In recent versions of Magento (CE 1.8+ and EE 1.13+), CSRF protection was added to several additional forms, where previously it had only really been used on login form (in the frontend). This has caused problems for quite a few full page cache implementations in addition to Turpentine because it makes the form submission URLs unique to a session which is then cached and, for users that don't have that session/form key, those forms are then broken (i.e. the "Add to Cart" button clicked with the wrong form key simply redirects the client to the homepage rather than actually adding the product to the cart).

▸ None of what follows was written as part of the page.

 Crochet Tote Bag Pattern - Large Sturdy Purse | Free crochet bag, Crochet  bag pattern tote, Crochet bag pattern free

This change effectively broke Turpentine for those Magento versions, and finding a solution was not trivial. The first attempt at a fix was to just keep a list of actions that use the form key, and to replace it with the session's correct form key before the action runs. While it worked, it more or less removed the CSRF protection and felt very "hacky", so after some thought a better solution came to mind. Why not have Varnish use ESI to replace the form key inside the links and forms that use it? This keeps the CSRF protection and would have a negligible performance impact as the form key only needs to be requested once and then can be pulled from cache for future requests from that client and session (since the form key is constant for the life of the session). The actual implementation of this presented two hurdles though:
- Because the form key is located inside HTML attributes (
href="http://example.com/example/action/form_key/<esi:include src="http://example.com/getFormKey/"/>/"
for example), by default Varnish doesn't see the ESI include tag which completely breaks the buttons and forms that use the form key. - How does Magento know when to generate the actual form key, and not the ESI tag that is replaced by the form key. For example, the form key ESI is needed when generating the "Add to Cart" button, but the actual form key is needed both for both the ESI request to pull in the form key, and when that button is clicked so that it can be compared to the form key that was submitted.

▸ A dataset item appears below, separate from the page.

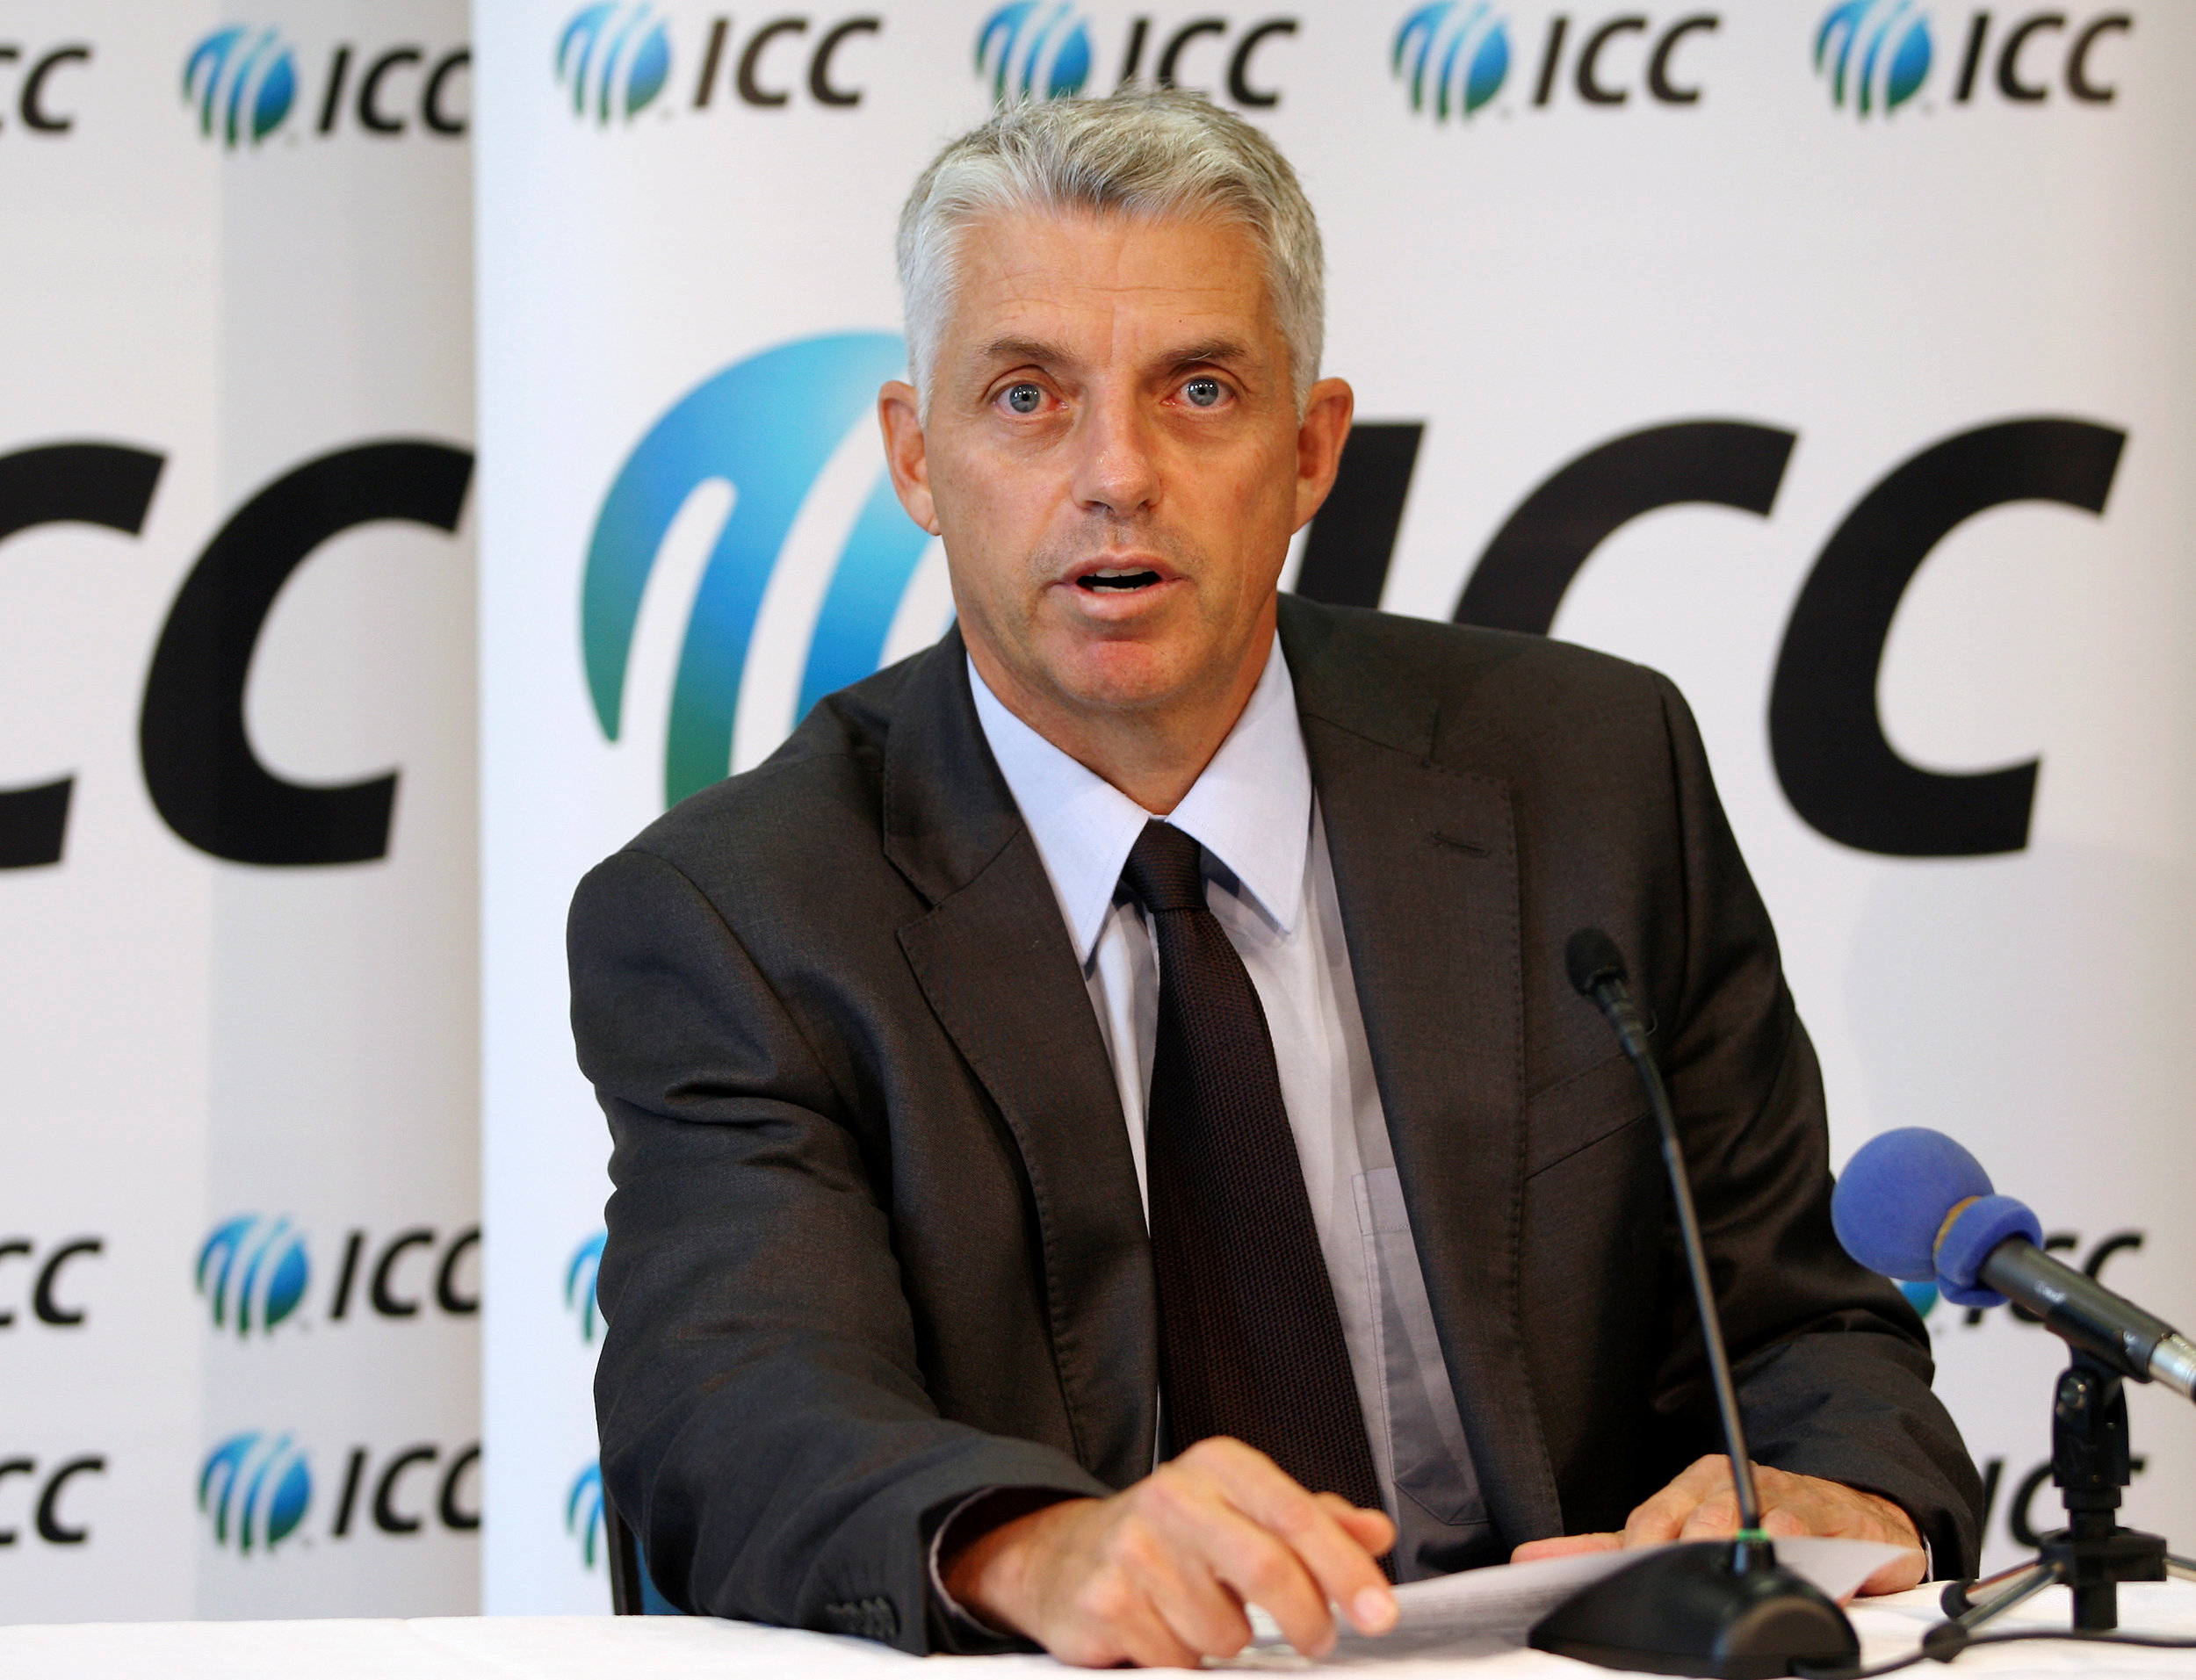 Cricket: ICC unveils inaugural World Test Championship schedule

The first is solved by a Varnish config change. Adding -p esi_syntax=0x2
to Varnish's startup command tells it to look for any ESI tags, even if they're not in properly structured HTML syntax (like the example). The second was more tricky, at first it seemed a static list of actions that use the form key would be needed (like the original fix) that could be used to tell the mage/core session class when to generate the form key, and when to generate the form key ESI tag. However, the solution was staring me in the face: the request itself tells you when you need the actual form key, as it's only needed when the request includes the form key in the GET params or POST data to do the comparison between the actual form key, and the form key sent with the request. Thus we can just check if the form key was sent in the request and either generate the real form key, or the ESI tag.

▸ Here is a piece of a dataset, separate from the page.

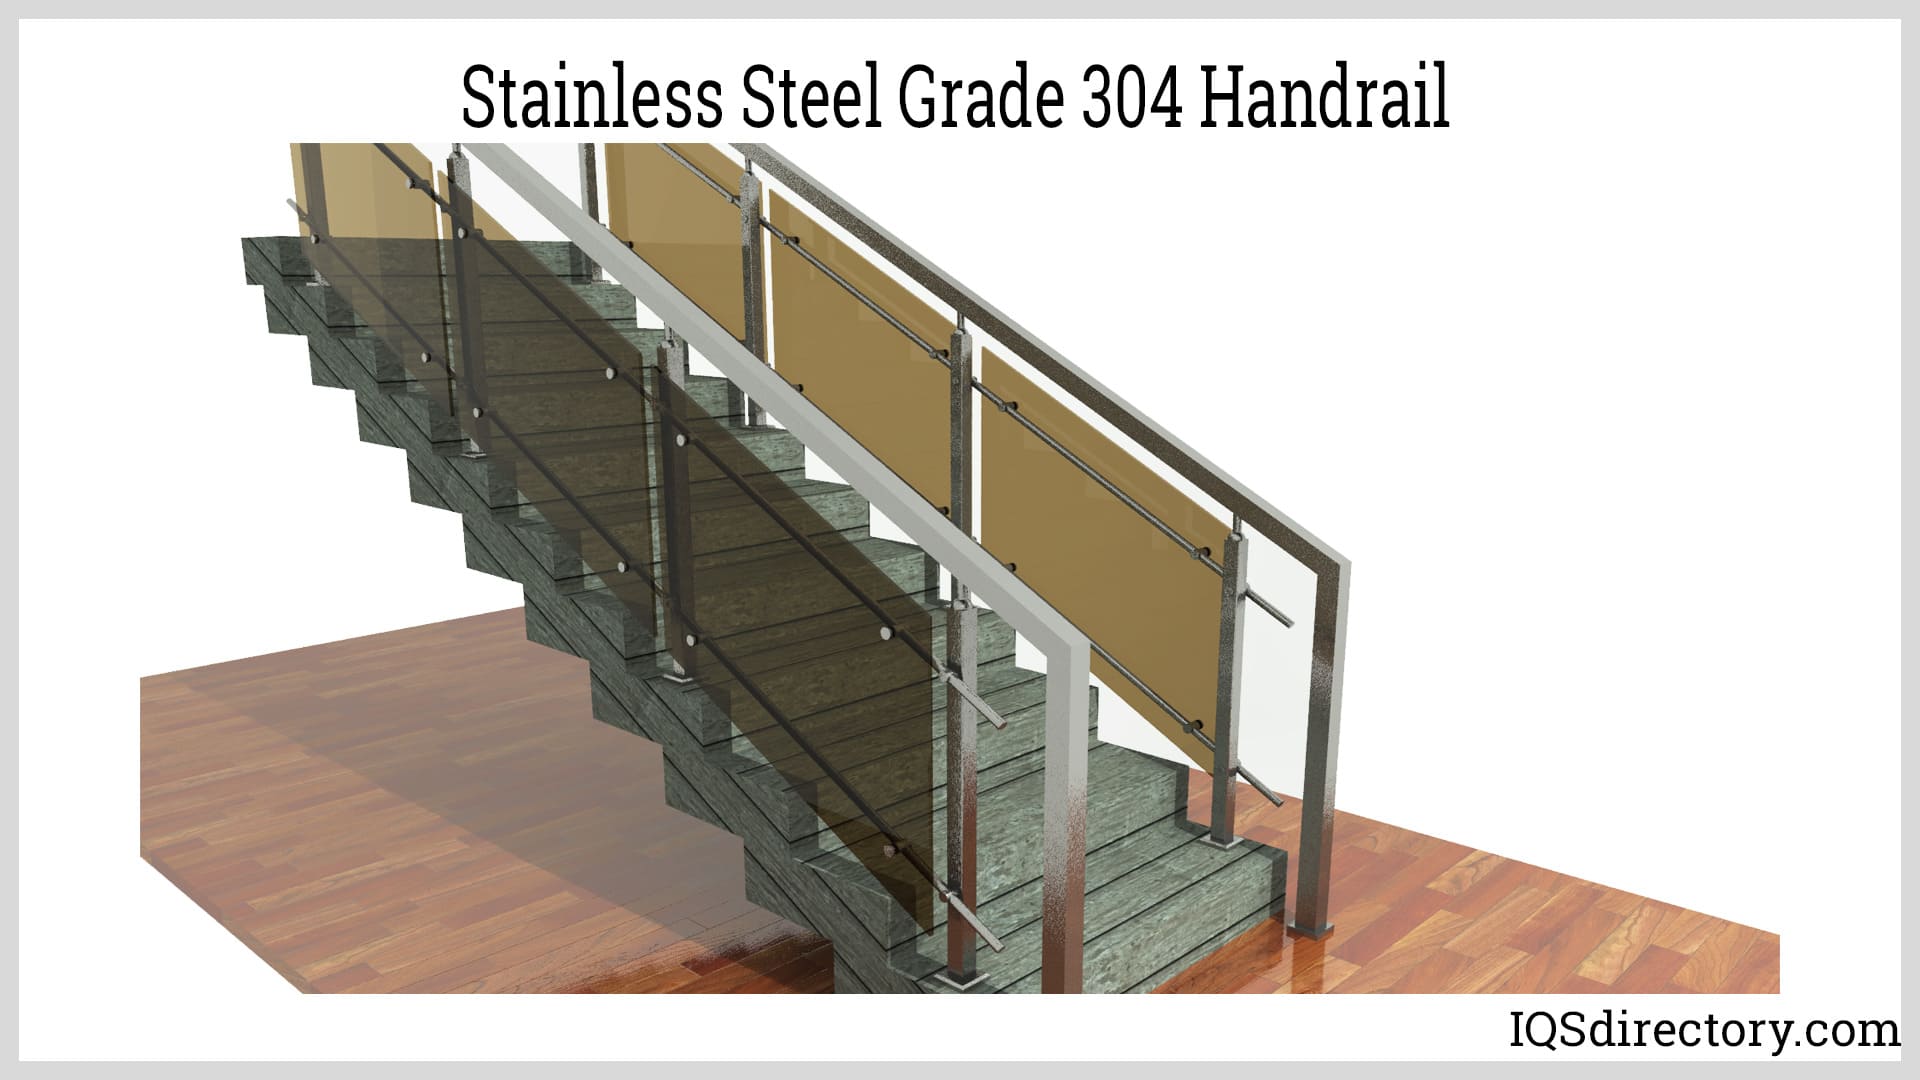 Stainless Steel Grade 304 Handrail

As you can see, there are a number of interesting "tricks" required to really integrate Varnish and Magento well, and this only covers the most interesting ones. Things like purging stale ESI blocks or cache warming have been left out, though they are arguably just as important as what was covered for a well functioning Varnish extension. Hopefully in the future Magento will make Varnish integration easier, or even better, add native Varnish support.